* **ASSIGNED TASK**
Print all of the data below exactly as it appears, leaving out every image.

* **GIVEN DATA**
============================================================

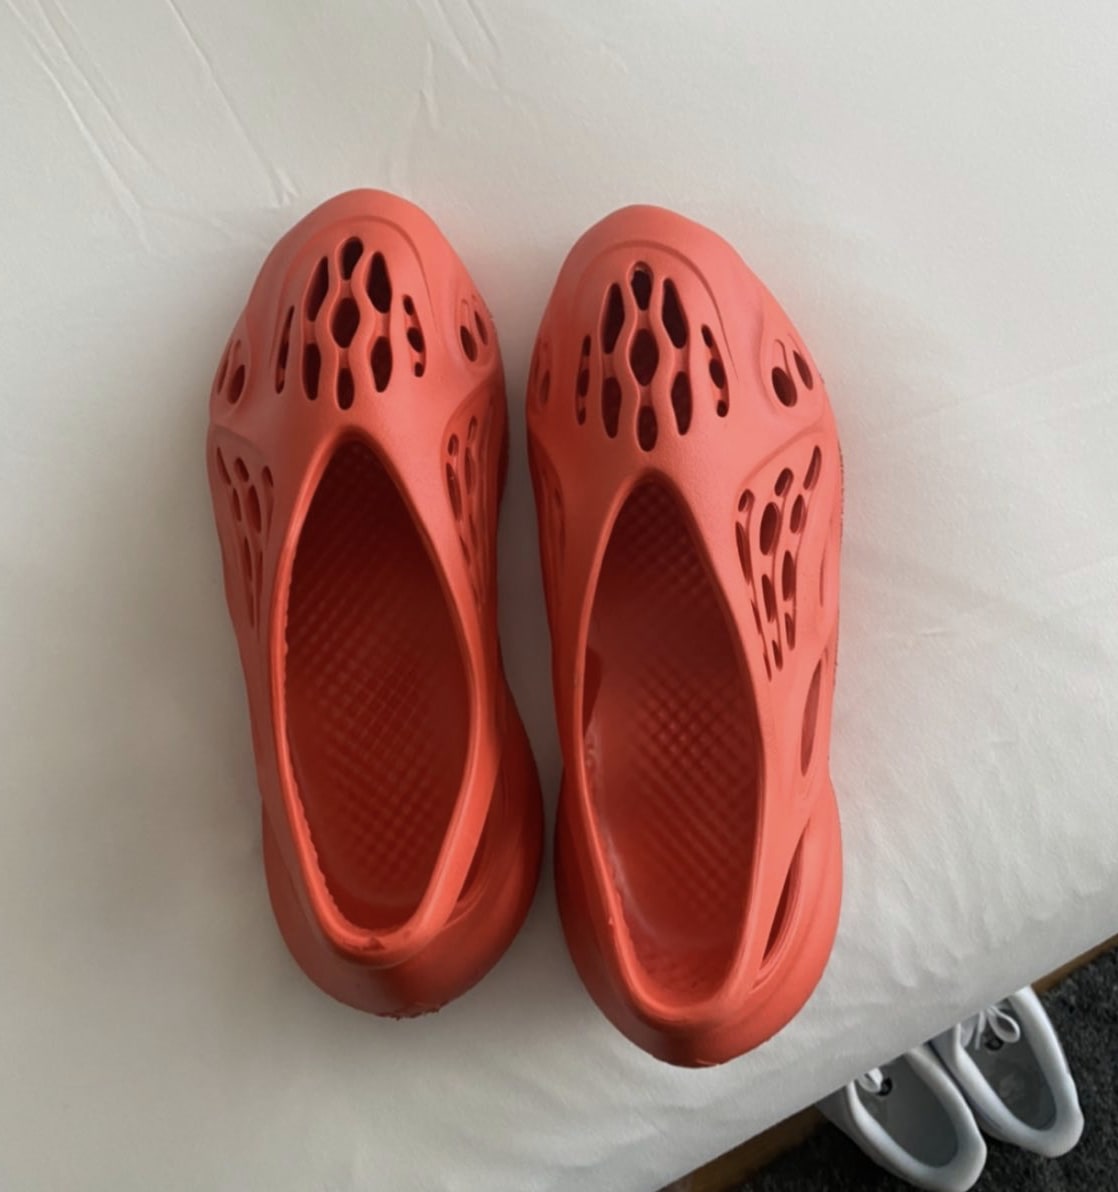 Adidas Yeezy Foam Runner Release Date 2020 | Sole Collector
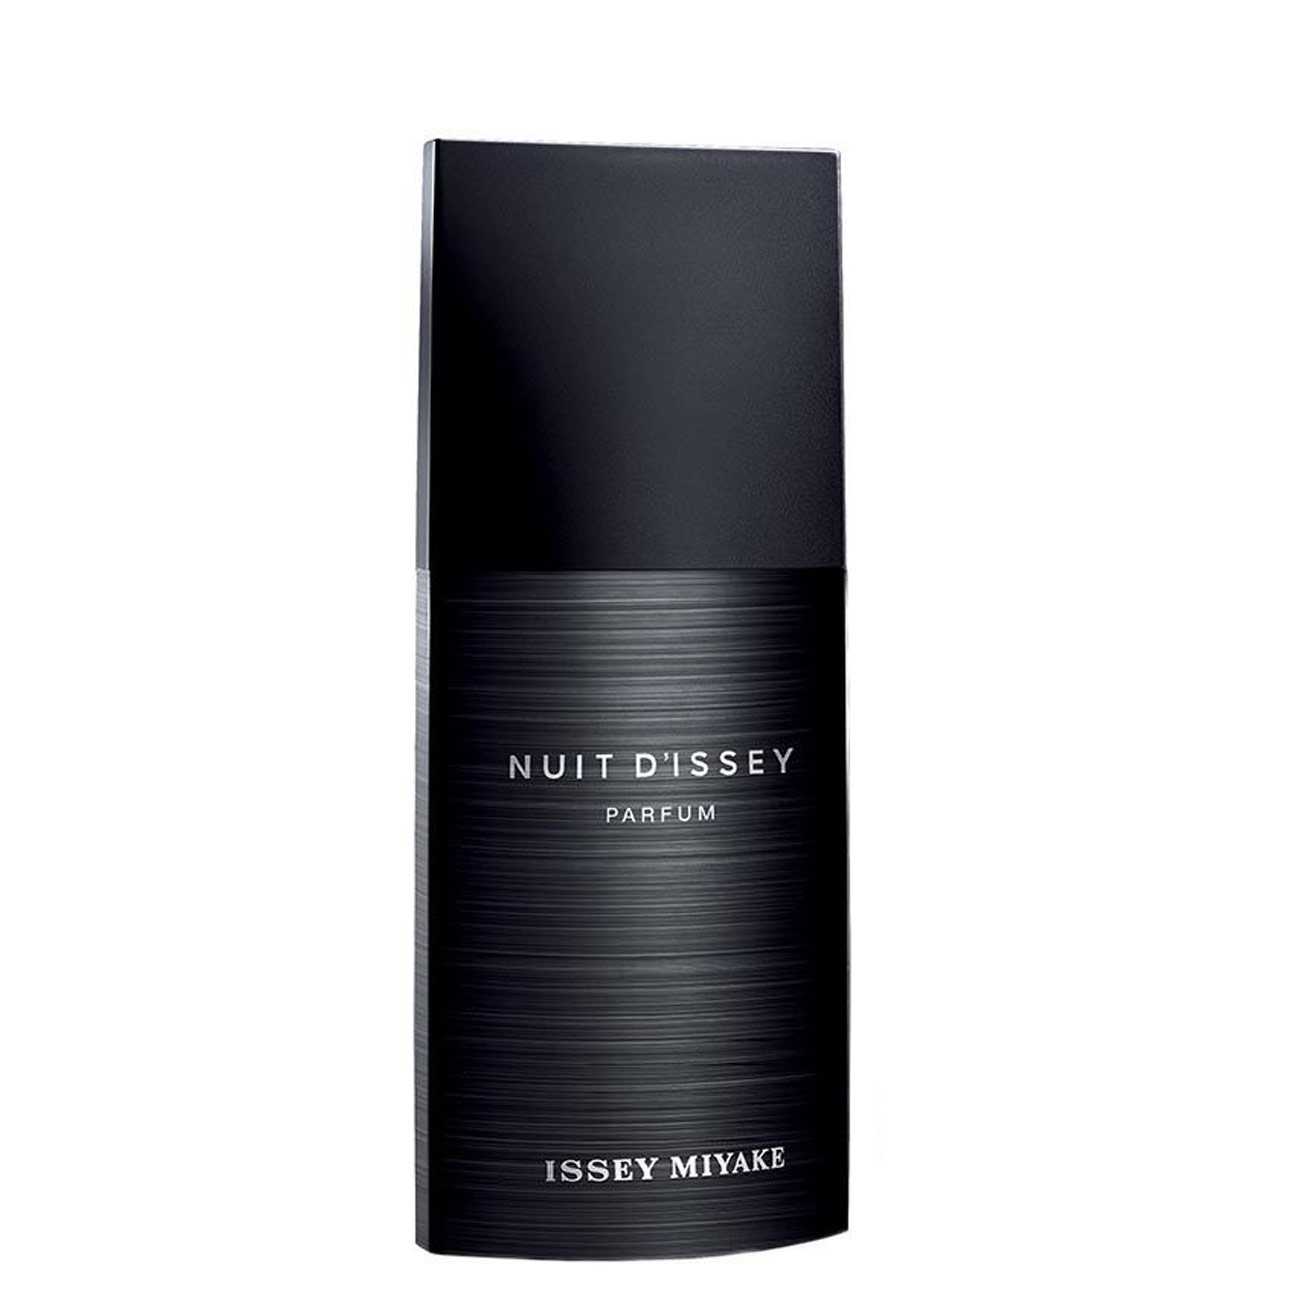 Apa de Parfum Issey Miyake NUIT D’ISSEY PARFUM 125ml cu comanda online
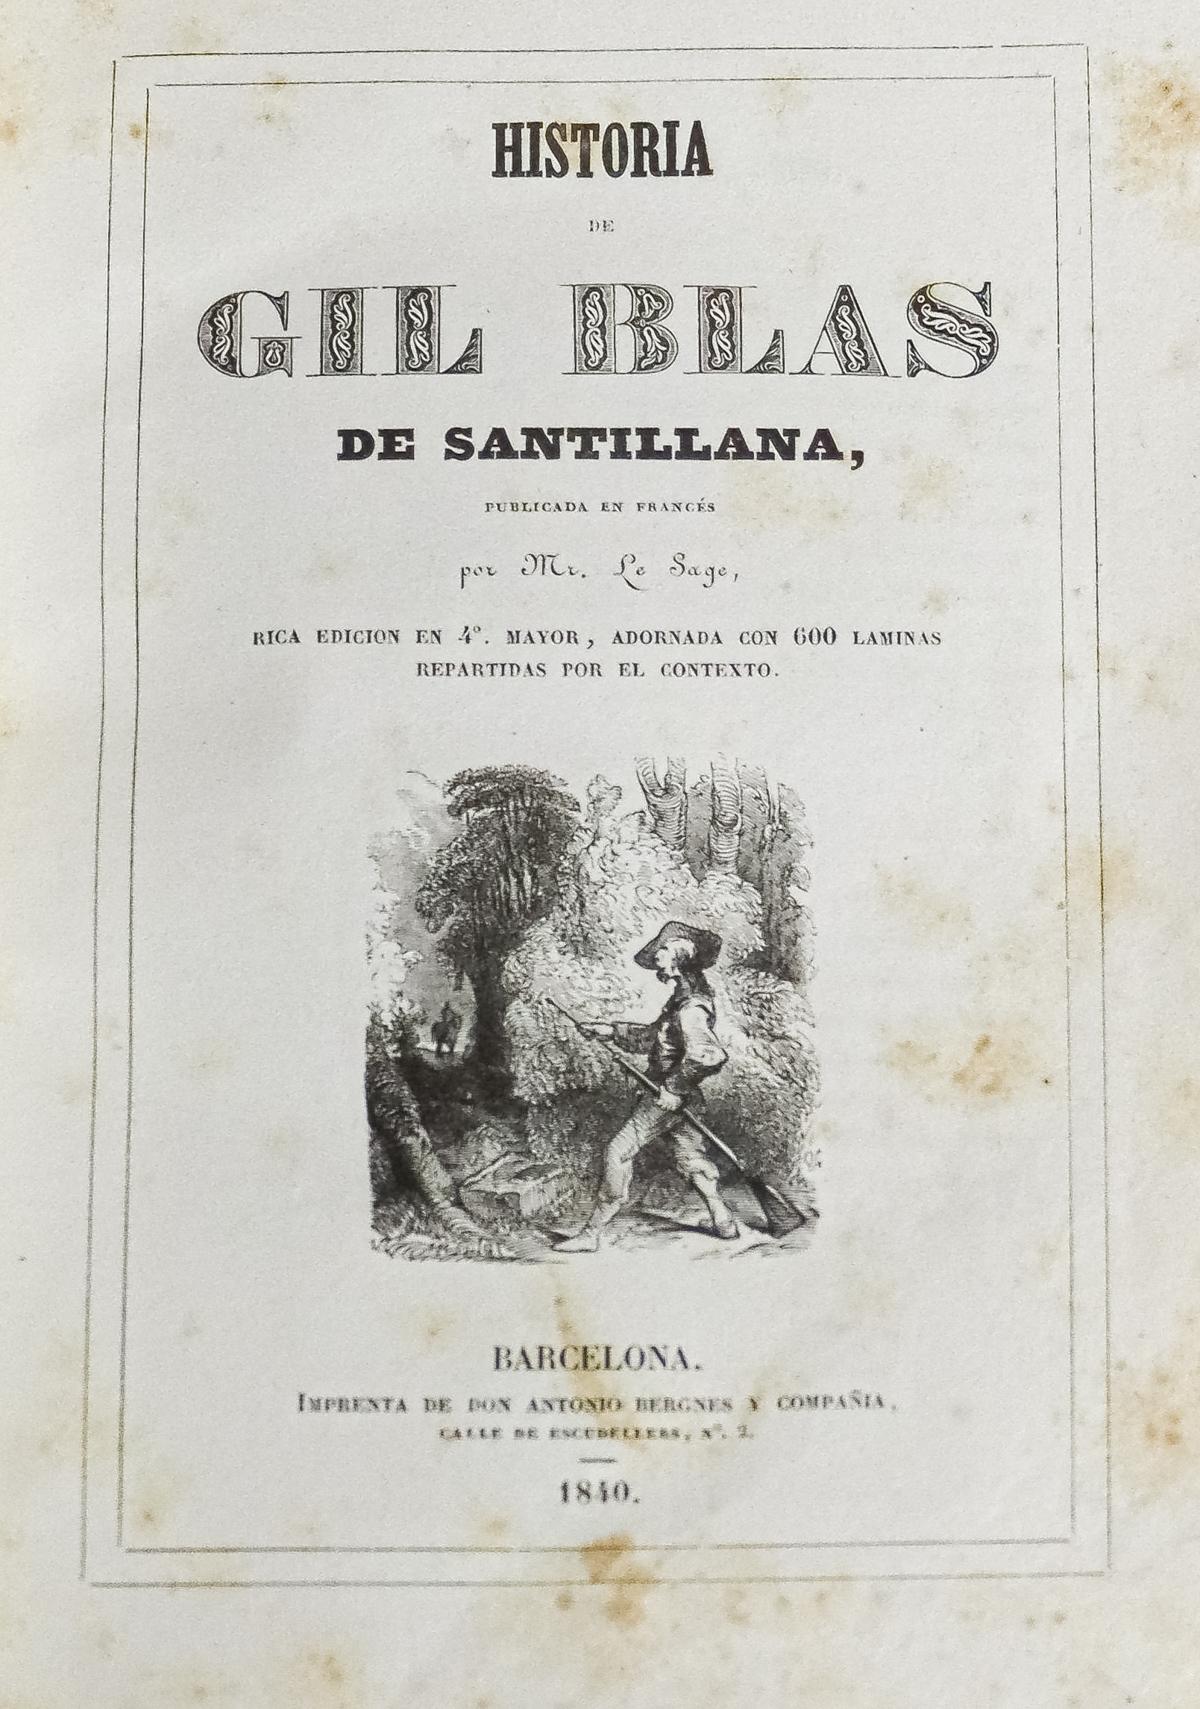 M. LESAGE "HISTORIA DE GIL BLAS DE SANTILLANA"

============================================================

* **WRITTEN ANSWER**
 Adidas Yeezy Foam Runner Release Date 2020 | Sole Collector
 Apa de Parfum Issey Miyake NUIT D’ISSEY PARFUM 125ml cu comanda online
 M. LESAGE "HISTORIA DE GIL BLAS DE SANTILLANA"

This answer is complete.